An industry legend legacy, entrepreneur, oilfield services CEO and private equity firm founder, Roe Patterson has virtually seen it all in a half century of life in oil and gas.

—Roe Patterson, managing partner, Marauder Capital. (Source: Marauder Capital)
The son of Glenn Patterson, he grew up with Patterson Drilling Co., eventually branching out on his own at the turn of the century during the merger with UTI Energy that created Patterson-UTI Energy.
He joined Basic Energy Services in 2006 and rose to CEO as the company rapidly grew and acquired during the advent and early boom years of the shale revolution. He left at the end of 2019 amid financial struggles just before the pandemic.
In recent years, he’s taken over ClearWell Dynamics and Ventana Midstream. He also co-founded Marauder Capital with his former Basic colleague, Adam Hurley, as a private equity firm focused primarily on OFS and conservative investments.
In 2018, he even wrote the book about his father and the cyclical ups and downs of the industry: “Crude Blessings: The Amazing Life Story of Glenn Patterson, American Oilman.”
Roe Patterson spoke with Hart Energy’s editorial director, Jordan Blum, about the current state of oilfield services, dealmaking, his businesses and what the future looks like in 2025 under the new Trump administration.
This interview was edited for clarity and length.
Jordan Blum, editorial director, Hart Energy: Given the ongoing wave of upstream M&A, how do you see this impacting and creating issues for the services sector?
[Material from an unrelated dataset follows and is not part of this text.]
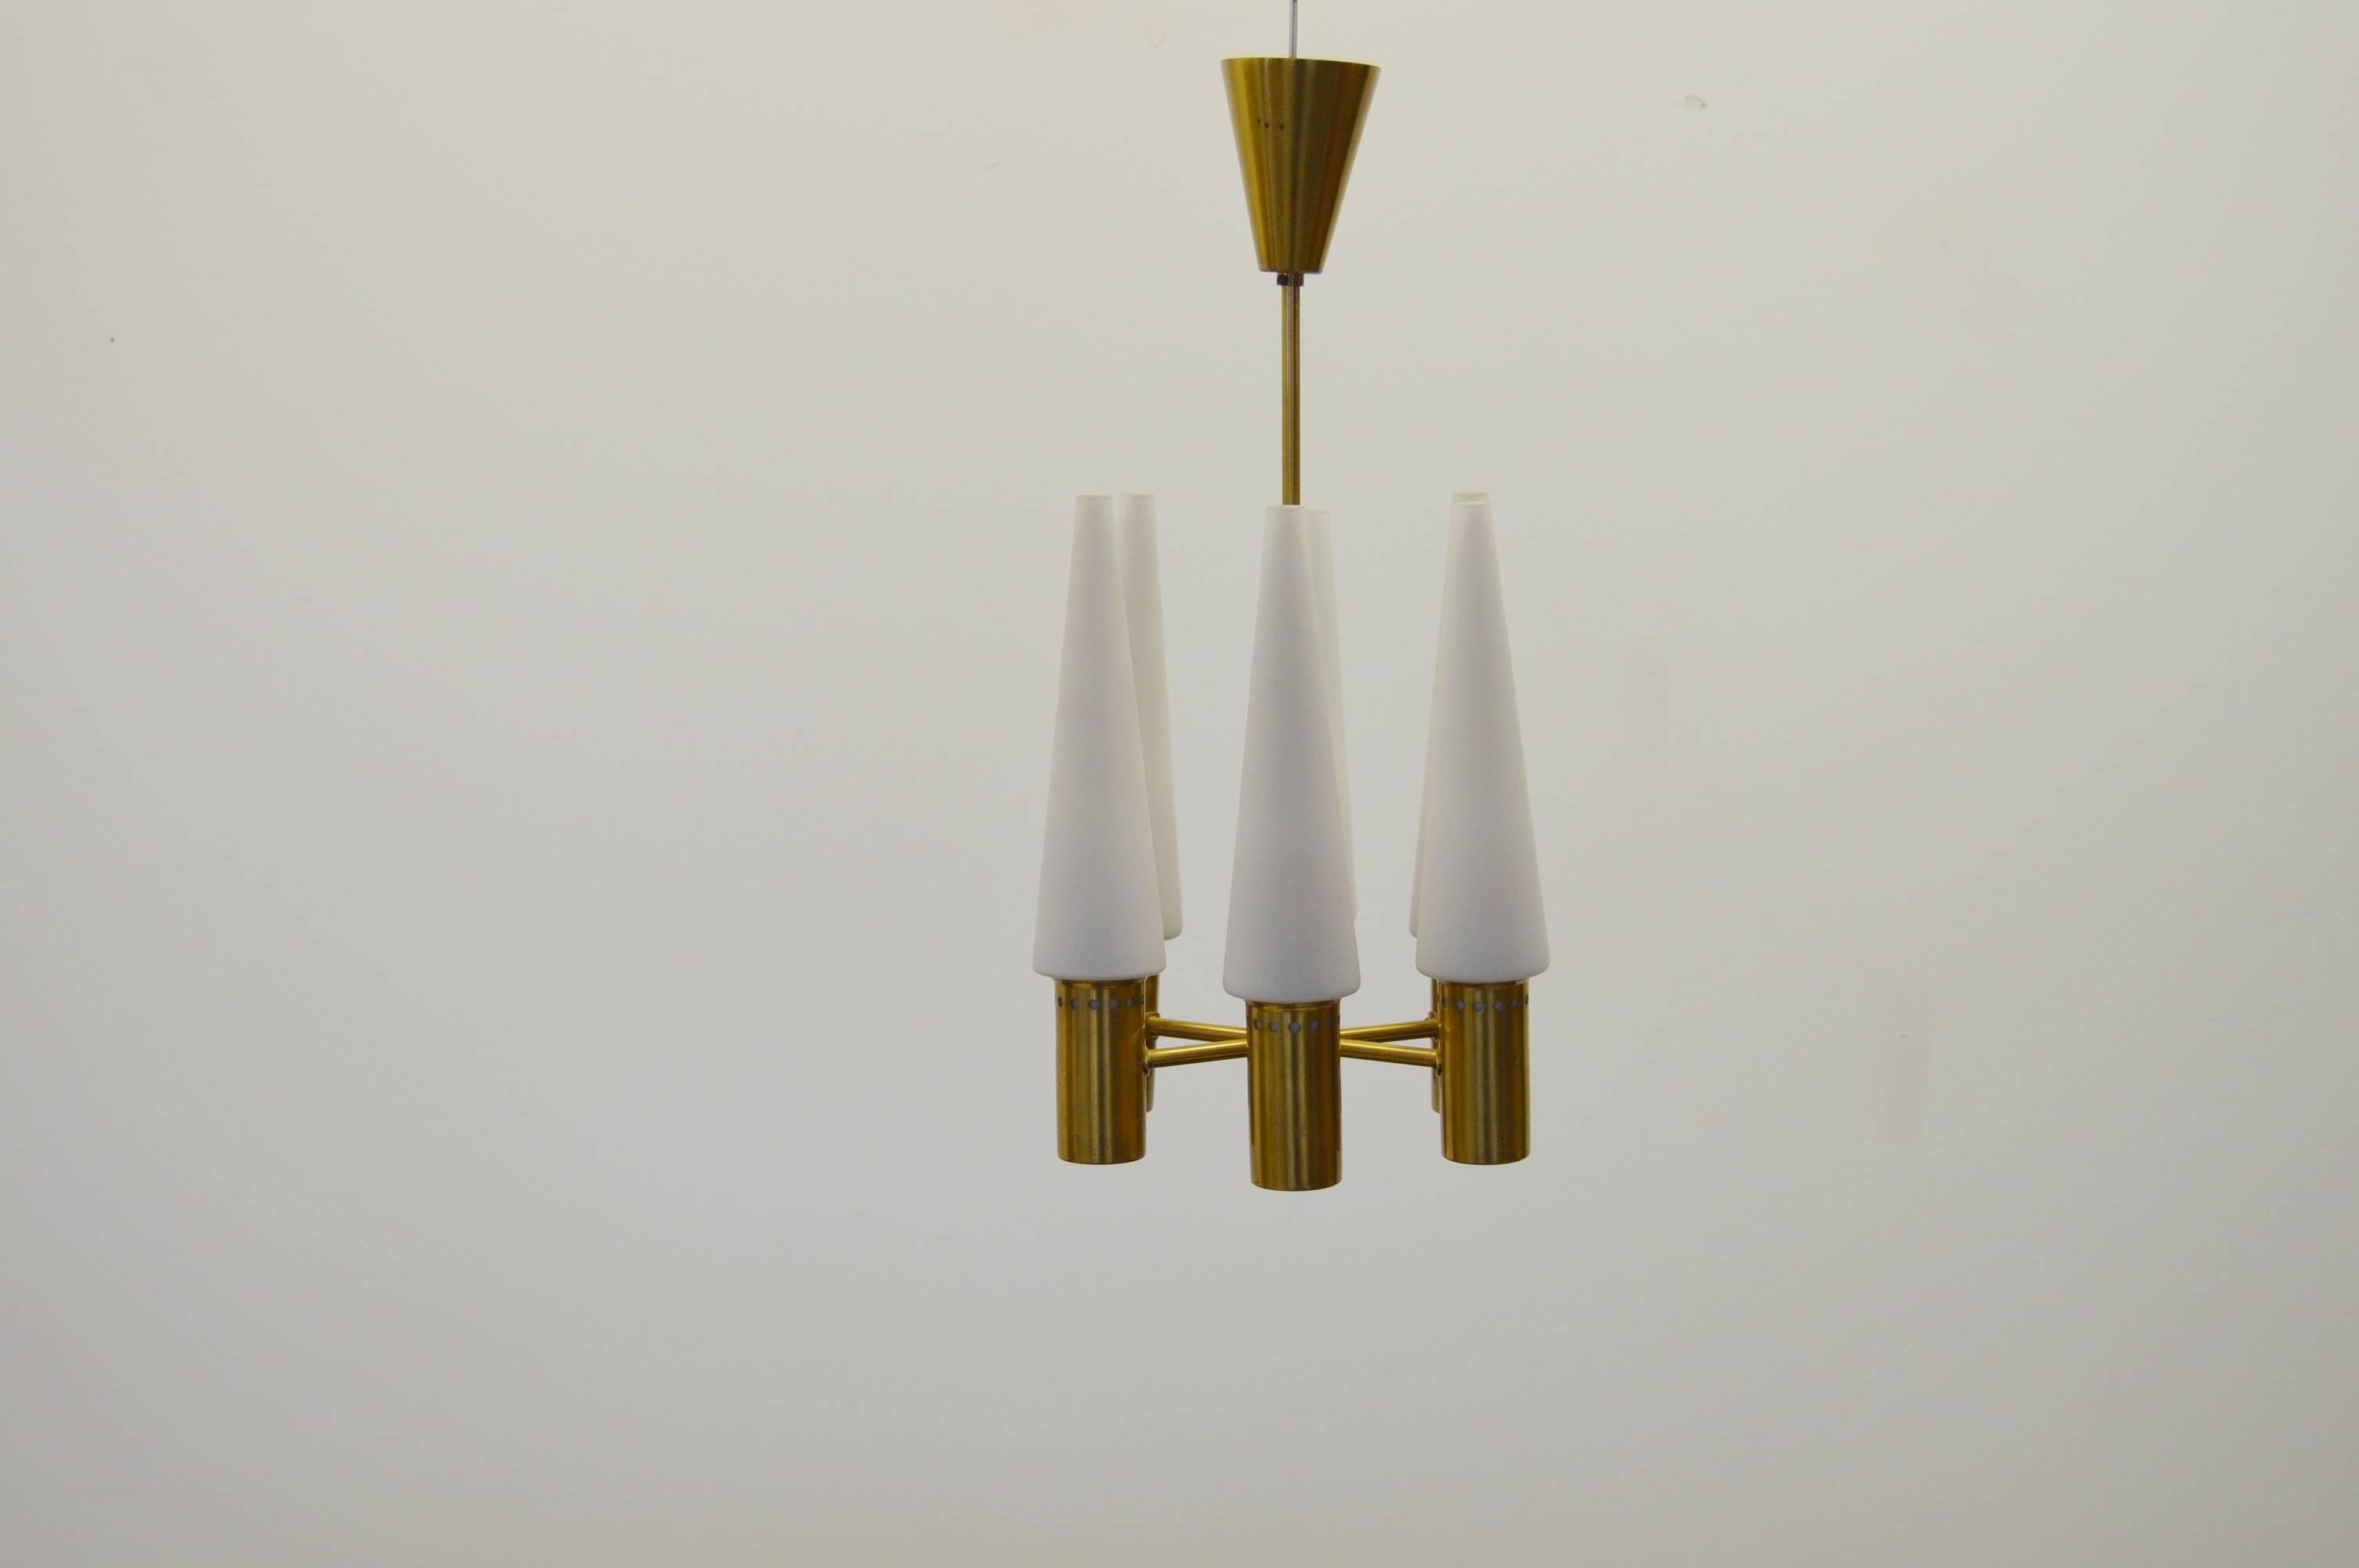 Chandelier with six-light points. Designed by Hans-Agne Jakobsson for his own company Hans-Agne Jakobsson AB in Markaryd Sweden.
Brass and opaline glass.
 

Roe Patterson, managing partner and co-founder, Marauder Capital: It’s certainly had an impact on the service providers. Typically, as companies are getting ready to either buy or be sold, they love to shore up their cash positions, which usually means a slight reduction in capex or opex. They may trim a little going into a deal just to shore up their cash reserves. Then, it takes a little time as the acquiring company assimilates staff. That consolidation of two operating segments in fields where they overlap usually creates a little bit of slack in service intensity. It tends to go away over time, and then there’s a big push to try to maximize the overall economics of whatever they’ve purchased.
But it does put a pause on things until the dust settles and until they figure it all out. Additionally, a lot of times we see these acquiring companies look at the portfolio as a whole, and they may divest some of the pieces that are not core to their strategy, and then we have to go through it again. We see those properties change hands again. There’s kind of a secondary and tertiary impact whenever they sell off the non-core assets. So, it definitely does shrink the customer universe.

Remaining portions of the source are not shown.